Размышления, представленные в «Принципах философского языка», в последующие годы и десятилетия были продолжены Линцбахом, в первую очередь в направлении математического универсального языка, который мог бы служить идеальным типом непротиворечивой, полной и однозначной модели. Но все рукописи, посвященные математической идеографии, а также его последний проект «Универсальная математика и универсальный язык», который Линцбах представлял в Академии наук в Москве и Таллине, остаются неопубликованными и до сих не получили никакого отклика. Как и многие другие концепции философии языка этого периода, теория «Принципов философского языка» Линцбаха стала жертвой генеральной линии языкознания того времени, которая также ориентировалась на жест. Возглавлял это новое направление Николай Марр.

2.2. Глоттогенез: запястье как источник языка (Николай Марр)

Жест – важная составляющая онто- и филогенетических моделей: жесту приписывается ключевая роль в происхождении человечества, цивилизации, культуры. Нередко эти размышления сходятся в представлении о жесте как источнике языка. В то время как Линцбах рассматривал жест руки в утопической перспективе универсального проекта языка будущего, Николай Марр помещает его в точку начала языка как такового. Марр вписывается в длинный ряд палеолингвистиков, которые соединяют жест и происхождение языка. Однако в этом ряду он занимает особое место. Это становится ясно, если сделать краткий экскурс в историю этого дискурса.

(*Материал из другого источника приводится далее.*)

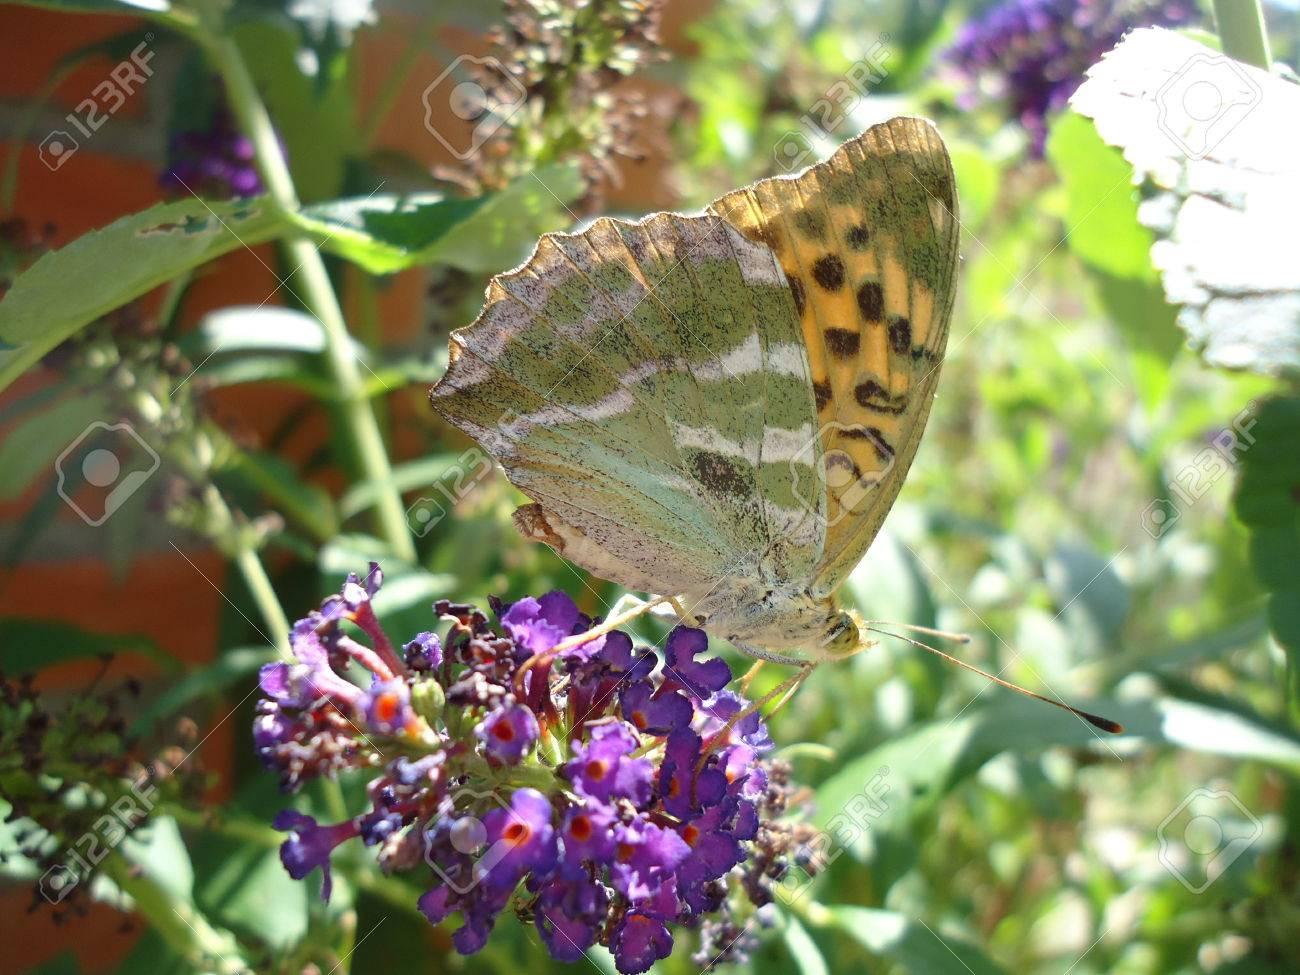 Butterfly resting on buddleja davidii flower Stock Photo - 22643171

Мишель Фуко утверждает, что сдвиг в сторону жеста приобретает в философии языка актуальность тогда, когда язык начинает становиться невидимым. Концепция языка раннего Нового времени, ориентируясь на учение Парацельса о сигнатурах, исходит из представлений о зримых, маркирующих вещи знаках[74]. С разрушением этой концепции и с исчезновением видимого языка вещей повторно ставится вопрос о том, какой функцией обладают телодвижения в процессе возникновения у людей знакообразования. Начиная с теории Кондильяка, в которой жестовое действие – langage d’ action – рассматривалось как предварительная ступень и переходный этап к языку, исследования по антропологии языка настойчиво искали следы жеста руки в языке. Философы языка XVIII века полагали основание языка в природе, в человеческом теле и надеялись обнаружить здесь тип знака, который был бы «чистым обозначением» и, будучи продлением человеческого тела, отделялся бы от него в качестве знака. В то время как теории происхождения языка XVIII столетия находили в жесте постигаемый и зримый missing link той загадки, которую нельзя было разрешить ни теологически, ни указанием на Адамов язык, XIX век обращается к субъектам речи и сравнительно-языковым исследованиям. В XX веке это нашло продолжение в представлениях о языке как о структуре последовательностей и различий. По этой линии, следуя Фуко, можно проследить нарастающее избавление (или спасение) лингвистики как дисциплины от жеста. Фаддей Зелинский выразил это развитие в емкой формуле: «Слово убило жест»[75]. С лингвистической точки зрения вербальный язык как поздняя стадия развития человеческой коммуникации всегда остается формой вторичного, производного языка, эмансипирующегося от системы и символики языка жестового.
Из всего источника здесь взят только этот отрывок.